I planned just one week in China, mostly to meet friends. First I am going to Shanghai to meet Olivier I know from Regensburg in 2006. Later I’ll be back in Beijing and spend some days with Lingli and Anna I know from Frankfurt. My flight from UB arrives in Beijing at 8:30, I get my luggage, buy a Sim card (China Mobile), take the bus line 10 to the Southern Railways station, and finally the fast train to Shanghai.

Germany power 10

I was impressed by the quite good infrastructures in Iran; in China, this is another dimension, everything looks new, thus better than in the old Europe. In Beijing, the terminal 3 and the Southern Railways Station are indeed less than 5 years old. The Railways Station is pretty much like in an airport with a luggage scan and a ticket check-in before reaching the platforms. And many people everywhere, queuing is the norm.
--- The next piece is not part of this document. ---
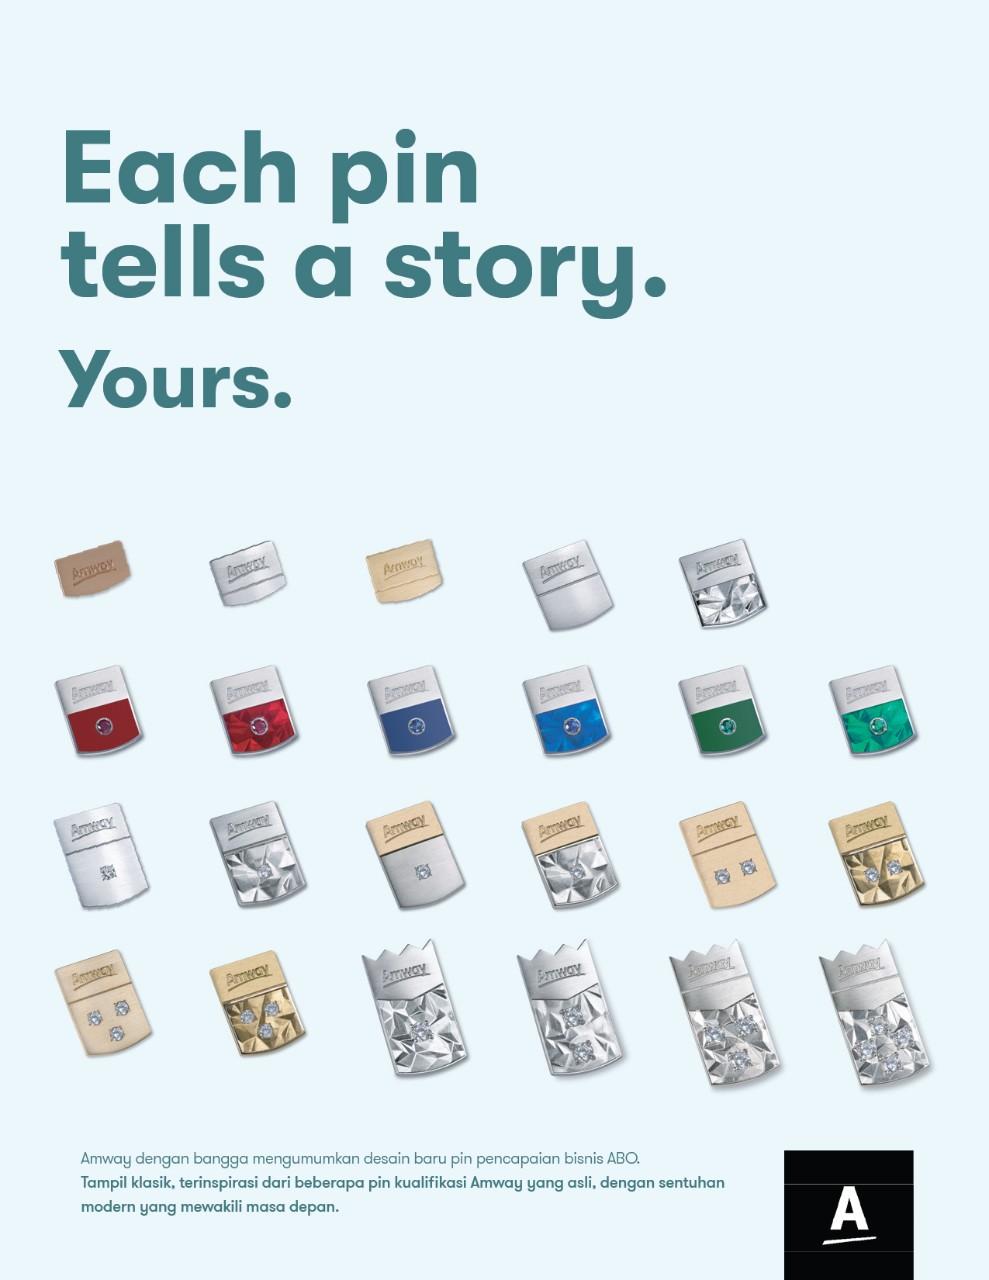 desain_pin_baru.jpg

Many details remind me Germany. First everything is clean and the people are very respectful towards the circulation, they respect the traffic lights carefully.
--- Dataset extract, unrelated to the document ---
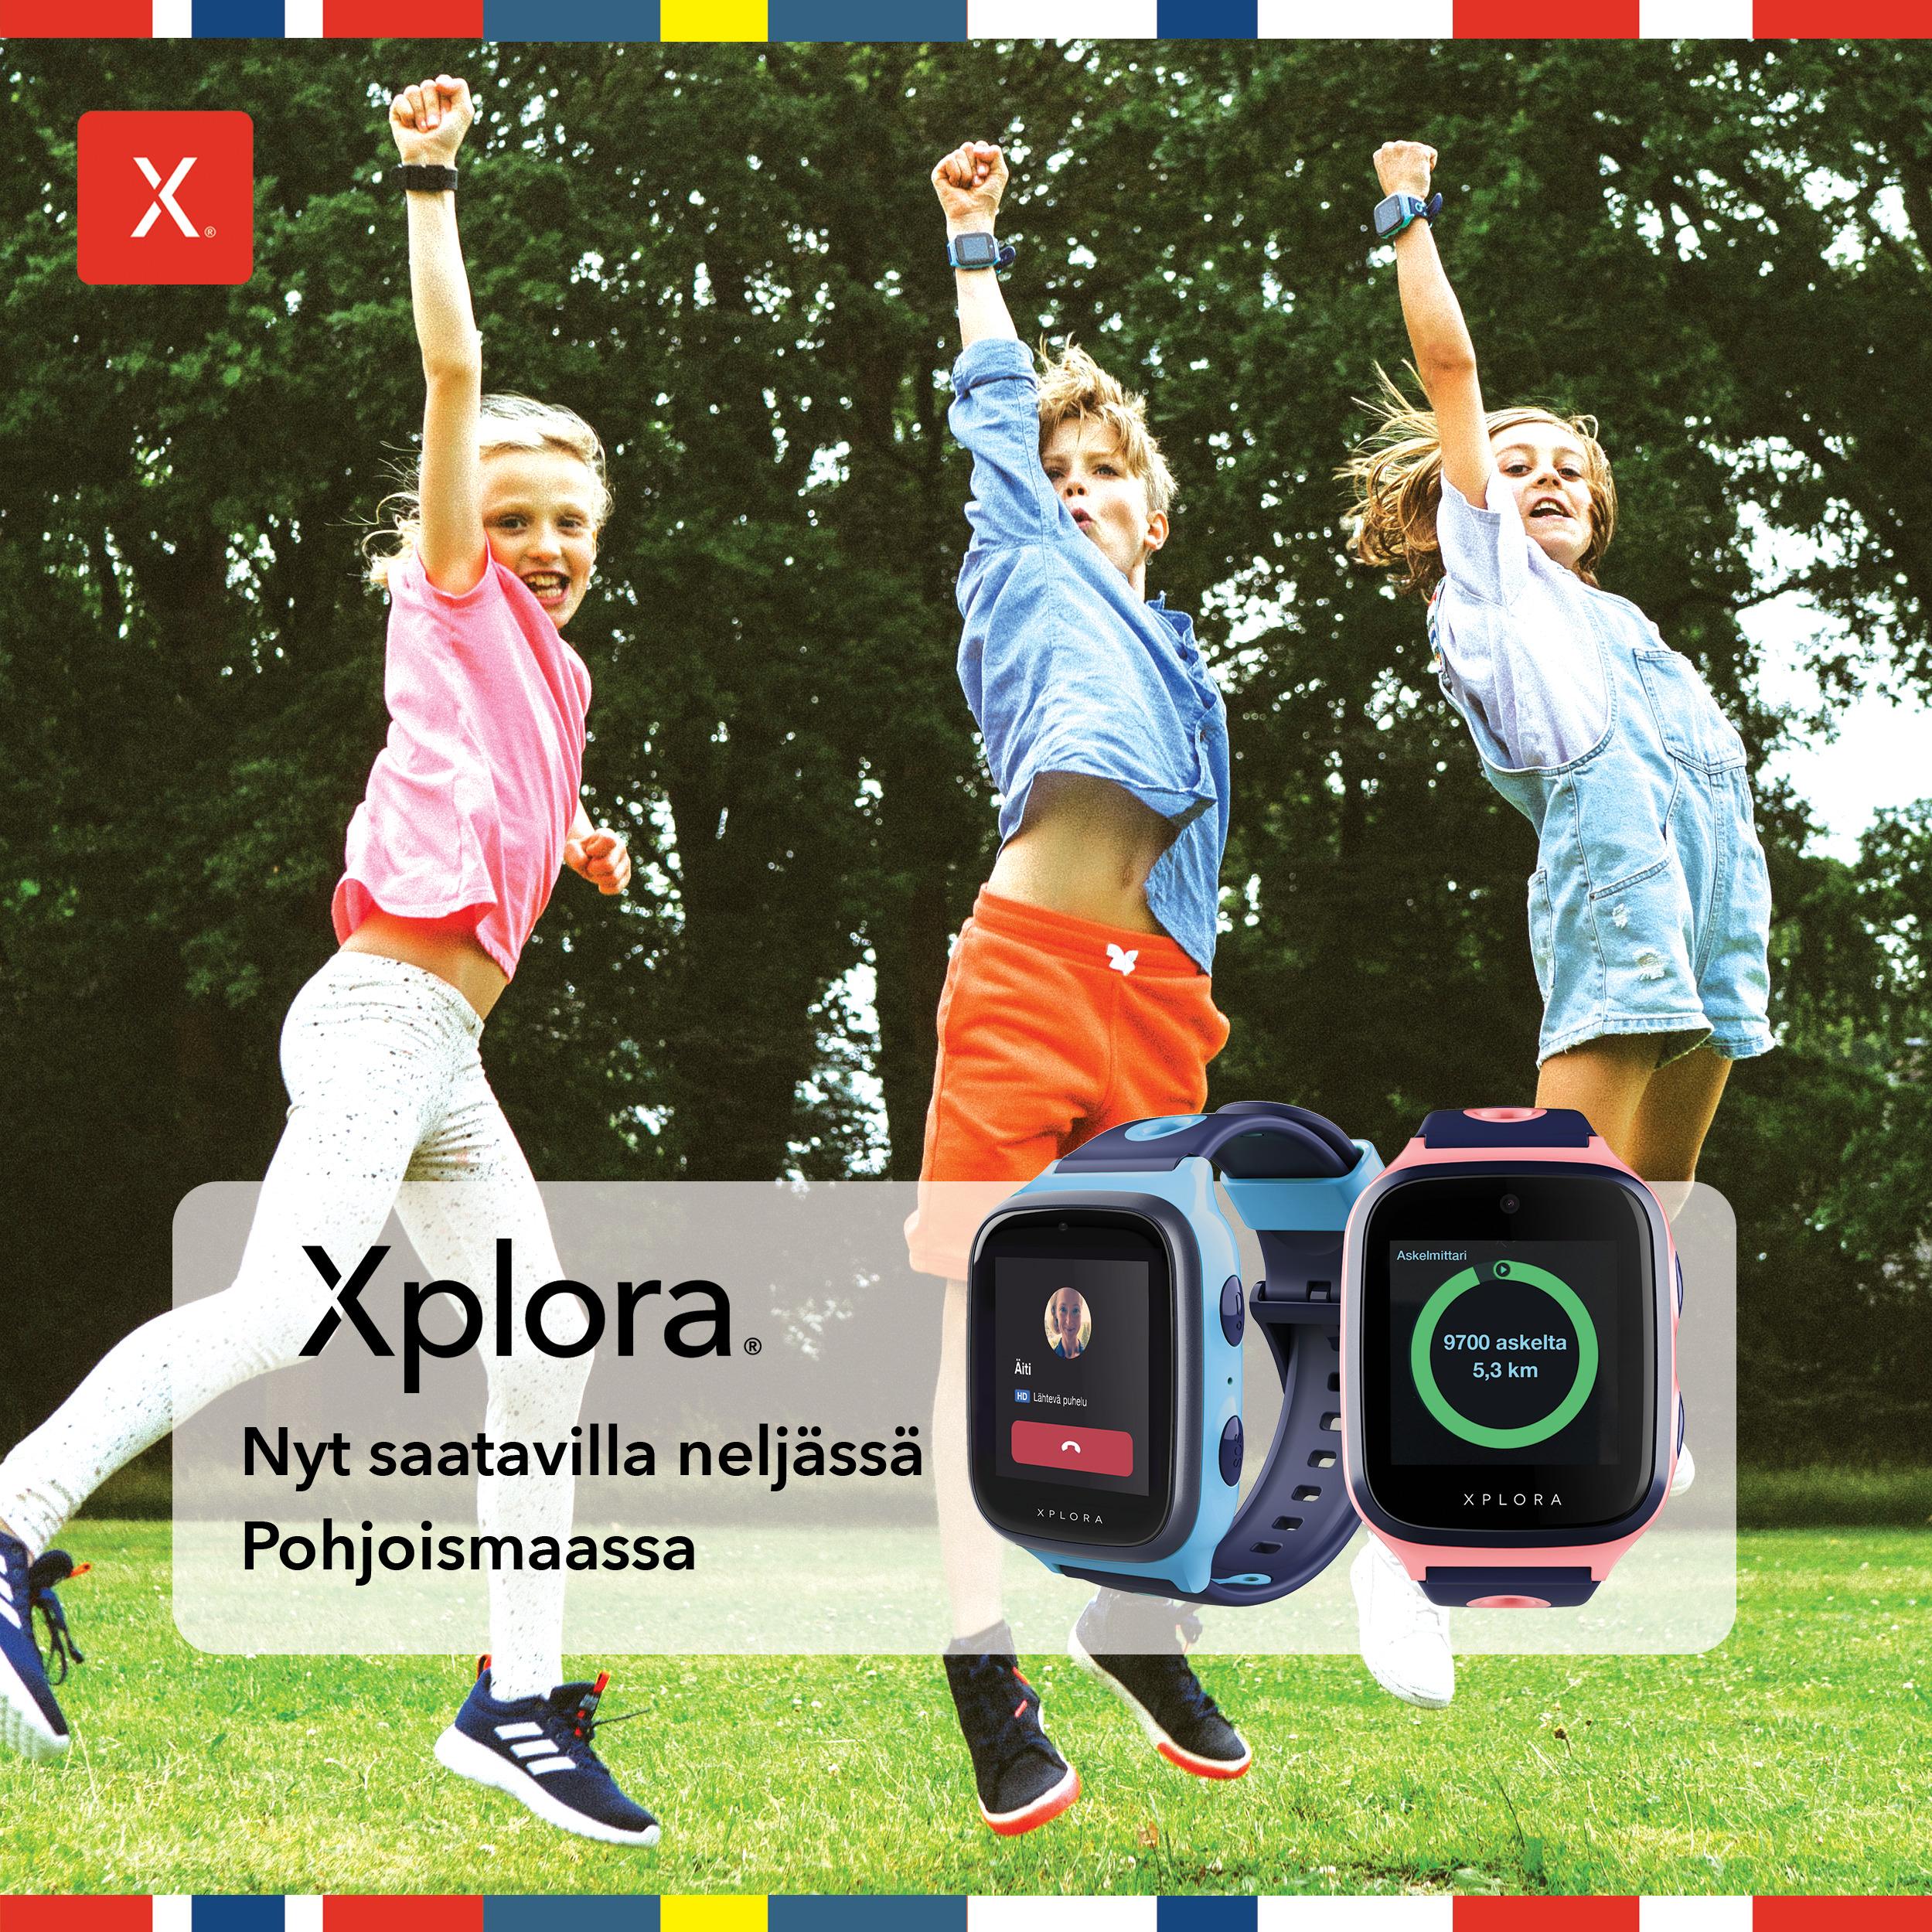 Xplora kellopuhelimet ovat nyt saatavilla neljässä Pohjoismaassa!

China is known for copying everything. Actually, I think they are quite smart and take (and try to copy) the best. For instance, they love German cars; Volkswagen is already #1 here. They tried to copy them but never succeed. The Germans are also clever; they update their systems regularly so that even if the Chinese duplicated a production line, they cannot use it longer since it gets soon outdated. German industry always targets the highest quality and still competes with China to be #1 in export. I said that already for many years, but France should get more inspiration from Germany. When I read that French companies get contracts in China (or Brazil or India) while accepting a lot of technology transfer, I am not sure how smart it is for the long term. China will soon have their proper copy of the Airbus planes and their own copy of the nuclear reactor (from Areva). And when we see in Europe (Finland or France) that Areva still have difficulties with their technology, a bad copy could be a disaster…

Back to the railways, the most obvious copy (or it is an original? More likely a joint venture) of a German product is the fast train! The ones I took are pretty much ICE3, having a very similar design, in and outside: same doors, toilets, wood and plastic interiors. The seats are however different, with 5 (3+2) per row in 2nd class (instead of 4 in Germany), thus over 16 rows so 80 places per coach. In 1st class, you get 4 seats a row (vs 3) but you get also a business class à 3 seats a row, and the seats there looks closer to the business class of a plane than the first class of an ICE!

The train needs less than 5 hours (add ½ hour when more stops) to drive the 1320km between Beijing and Shanghai, a nice ride through the country. This makes an average speed over 270km/h, and the pick of 303 km/h is reached only 10 min after start! It used to be even faster, but many billions planed to secure the network for speed over 350km/h were used for other purposes in the Department of Transport, probably one of the biggest corruption scandals. The main stop Nanjing is just 1h away from Shanghai (66min precisely). And the trains (at least my coaches in both ways) were almost full between Nanjing and Beijing, a dream for DB and SNCF!

Another better point than these 2 Europeans leaders is that the trains are quite on time! Not even a minute delay noticed! The network is probably much easier than the one in Germany particularly. Anyway, I send many Greetings to my former colleagues at the Deutsche Bahn, my last customer ruling the original ICEs!

In Shanghai, I took the metro many times. The metro is built by Alstom & Shanghai Electric and it is very similar to the one in Tehran (where Alstom got the market as well).

The journey through East China was quite a change after the empty steppes in Mongolia: there is vegetation everywhere in the countryside, from the corn field south from Beijing to the rice paddies north from Shanghai. A lot of forest and some mountains complete the picture, as well as some urban areas.